In this form, enough metadata about the subquery is preserved that Switchman
is able to serialize it as whole against the correct shard, and also do any
ID transposition in the subquery.

## A Note on Shard Naming

When using Postgres, it may be tempting to have your default shard (or even
other shards on other database servers) be named 'public'. In fact, this
is likely to happen silently if you just start using switchman in a new
database, because Postgres defaults the schema_search_path to
"${user},public", and creates a public schema, but likely not a schema
corresponding to the username you're using to connect to the database with.
This is fine for development and testing, as it is a low-friction means
of getting going with switchman, and switchman does its best to support
this (or any other legacy infrastructure) by creating a default shard
with NULL name, and detecting the schema it connected to (based on
the settings in database.yml, and the current database structure).

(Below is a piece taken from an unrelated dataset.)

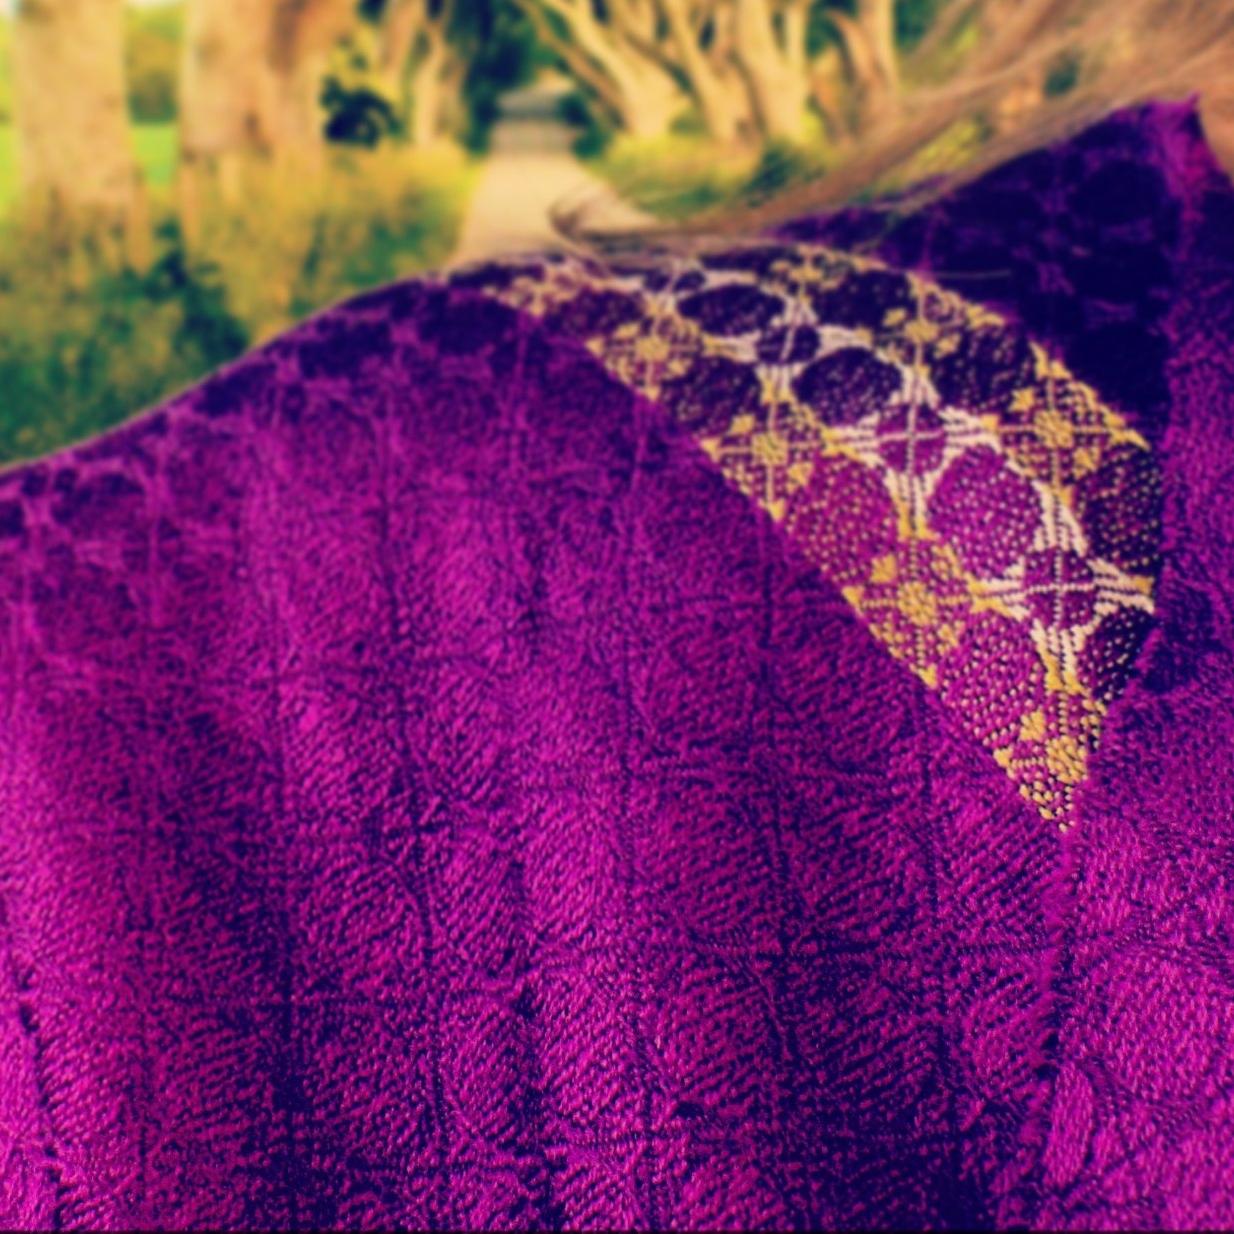 petal-stem-magenta-pink-silk-scarf-brendan-joseph-dark-hedges.jpg

However, in a production environment, this is potentially dangerous. This
is due to potential confusion by including public in your search path
anyway. For example, say you have a shard named "shard2", and a default
shard named "public". Your search path will likely end up being
"shard2,public". This means that if for some reason shard2 becomes
inaccessible (permission issues most likely), switchman will not be
aware that the tables that it is seeing are actually coming from the
public schema -- the default shard! Your app will just happily go on
corrupting data because two logical shards are being serviced by a
single underlying schema.

Another small tip is to prefer to uniquely name your shards.
Switchman tries to do this automatically by naming a shard with the
ID as part of the name, but you're more than welcome to override this.
The problem is that if you have the same schema name on multiple
database servers (say "myapp"), and later decide to move them around
to rebalance load, you'll have the additional headache of needing to
rename the shards and schemas so that you don't end up with multiple
shards of the same name on the same database server.

## Development

### Pre-commit hooks

Switchman uses [pre-commit](https://pre-commit.com) to manage a pre-commit hook
for running Rubocop. On a Mac, all you need to do get this set up locally is:

```bash
brew install pre-commit
pre-commit install
```

Then Rubocop will automatically run against changed files when you commit.